Is it okay to ask God for him?
You know, if I were giving out prizes for questions, this one would be a definite winner…at least in the female category.
What’s a girl supposed to DO???!!!!
If the guys think it’s hard for them to pursue, I (being female) think it’s double-hard for us women to sit still!
But who can say which is worse? :o)
I’m
going to start this picture by painting a dark background, another “How
It Is” scenario. But so as not to discourage you, I’m also going
to paint some really bright possibilities in the foreground. You
see, godly Christian wife-prospects should shine clear and beautiful
against the gloom.
We live in a world of mothers and little
boys. I don’t even have to prove it to you; you know it
already.
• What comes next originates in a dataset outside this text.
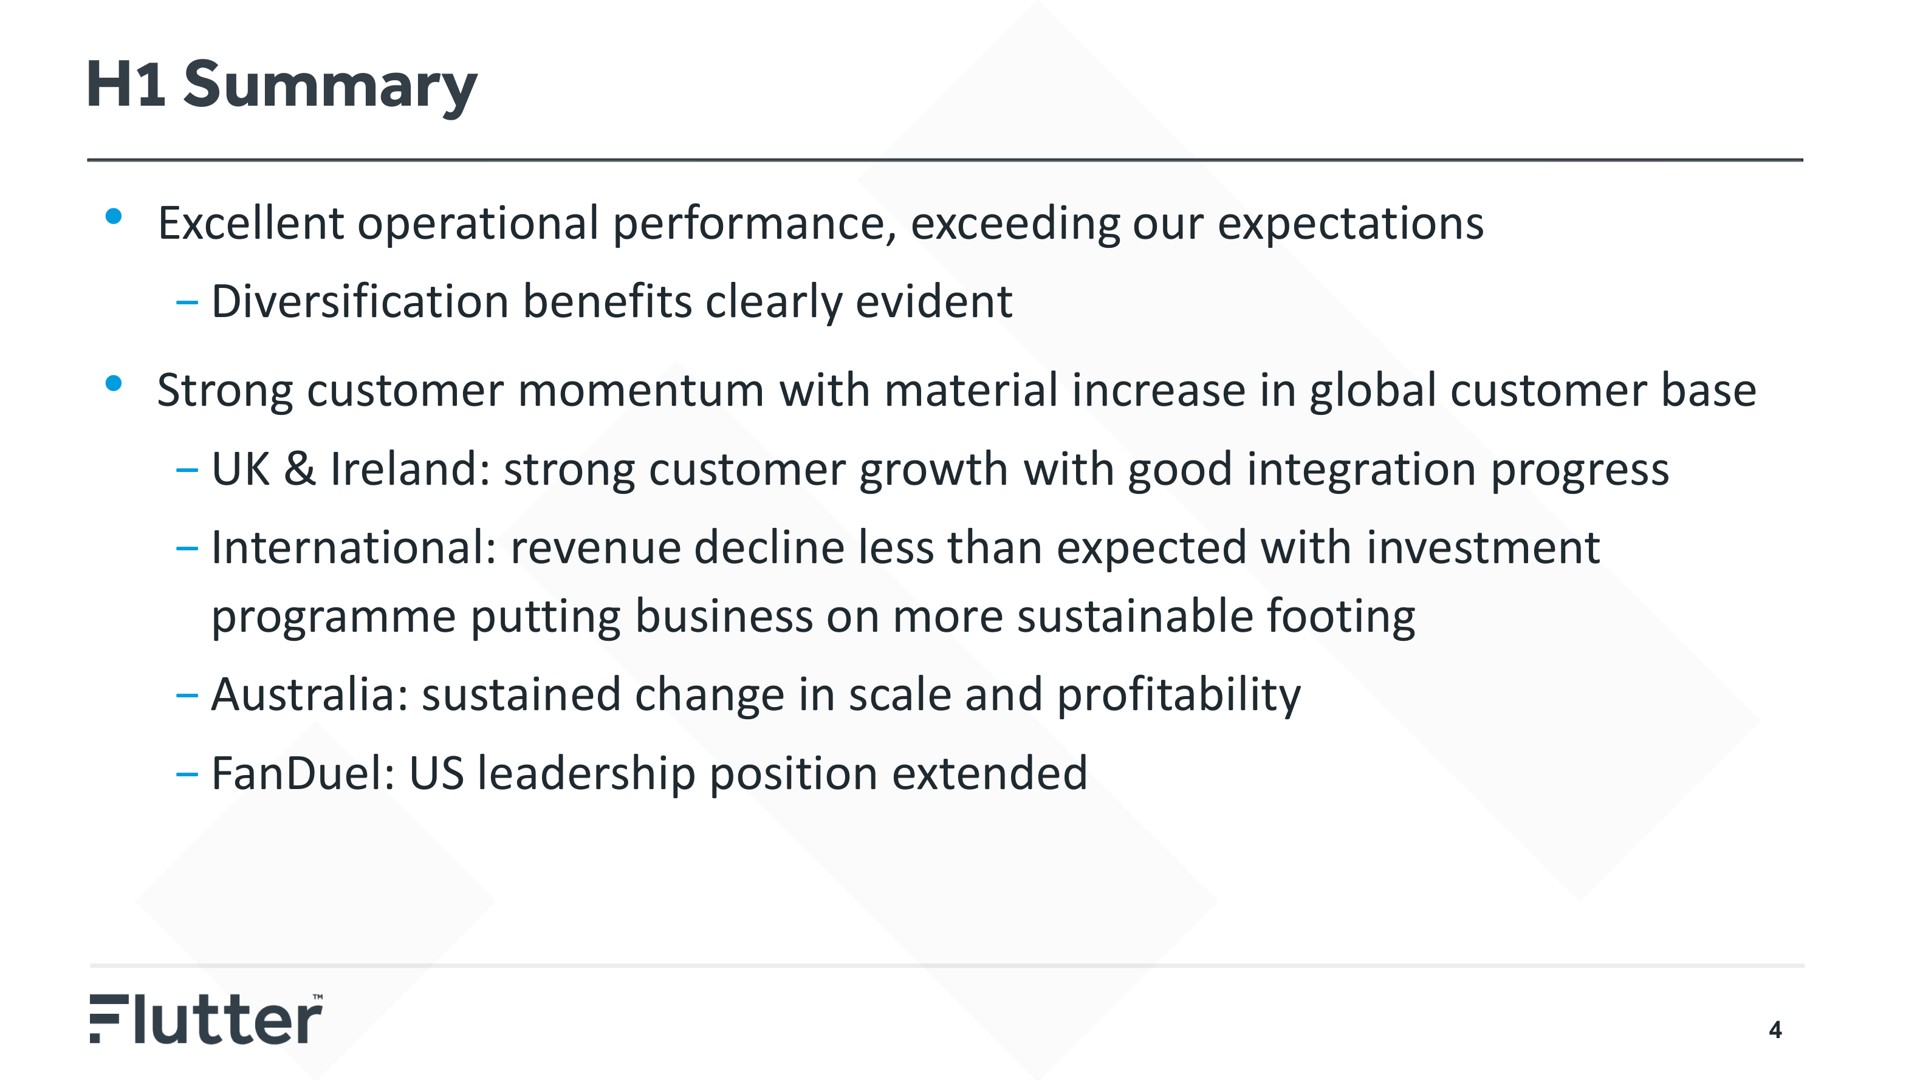 summary excellent operational performance exceeding our expectations diversification benefits clearly evident strong customer momentum with material increase in global customer base strong customer growth with good integration progress international revenue decline less than expected with investment putting business on more sustainable footing sustained change in scale and profitability us leadership position extended | Flutter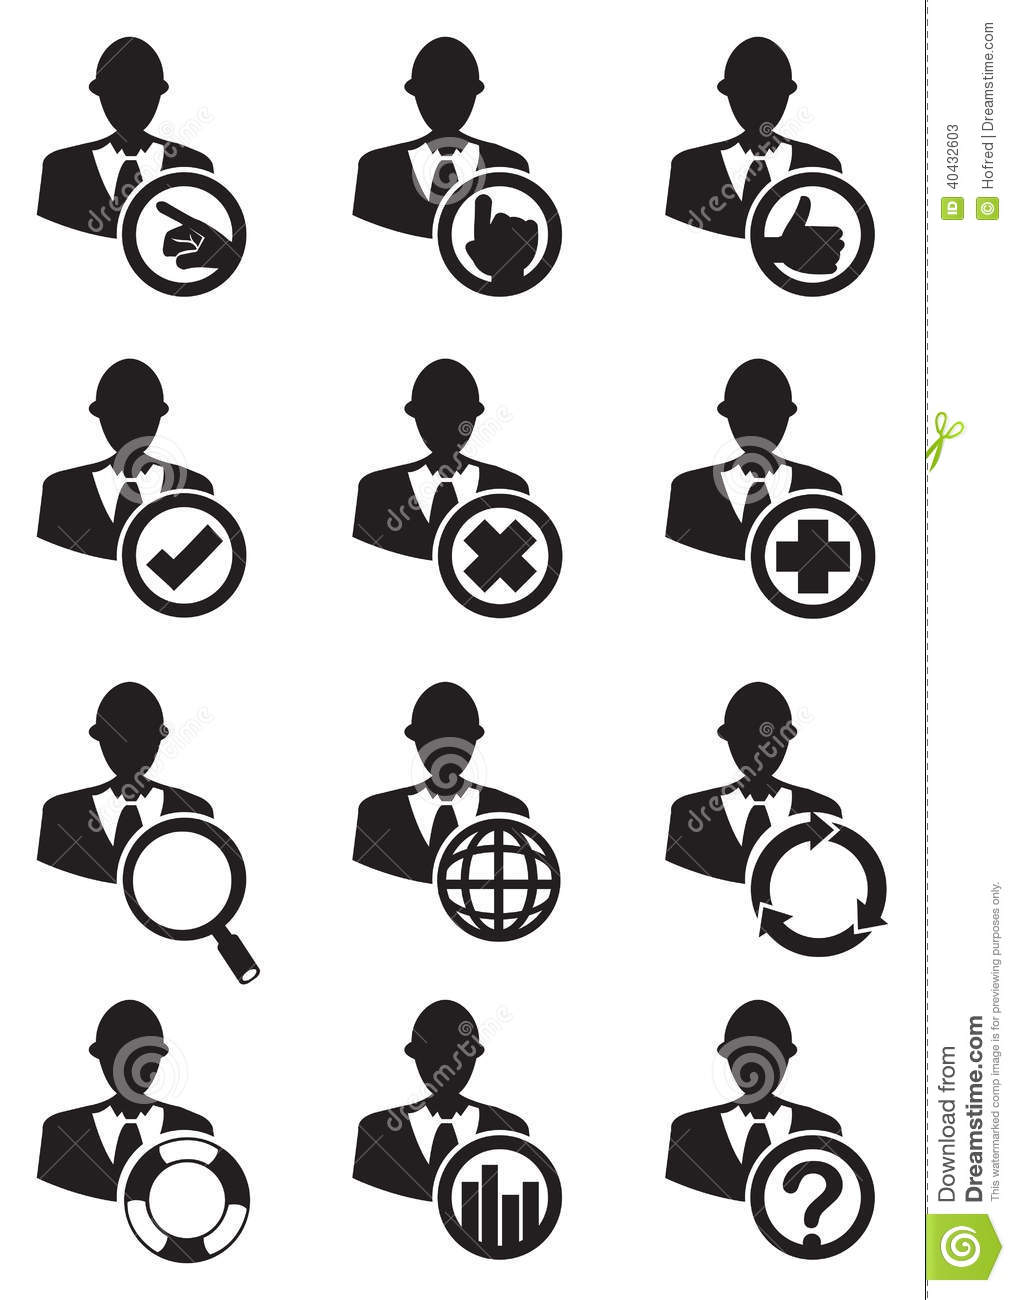 Black and White Business Man Icon

But what young lady really wants to marry a child, and what young man really wants to marry another mother?
As
I said somewhere earlier, the only way boys become men is for their
mothers to back away and their dads (or some other father-figure) to
call them into manhood. But with everything flowing in the wrong
direction for so many decades, there aren’t many men left to do that in
this world.
Unfortunately, women, there’s not much we can change about this.
However…I
have faith to believe we can change the mother part, at least in our
own little corners of the world. But I’m not promising it’ll be
easy.
Let’s begin by thinking about the similarities between
motherhood and wifehood. I don’t want us to become confused about
this, and reject something we need to keep. Both mothers and
wives are to be homemakers, creating a haven of peace and beauty in a
crazy and too often cruel world. Both mothers and wives are
promoters of health and sanity. Both are comforters and
encouragers.
The difference lies in what’s getting to be
familiar territory: masculinity and femininity. You see, for a
while mom plays a definite “masculine” role in her young children’s
lives. She leads and guides and provides for and protects.
Of course, dad will be masculine as well, a little more
behind-the-scenes perhaps when the children are babies, and gradually
more “out front” as they grow older.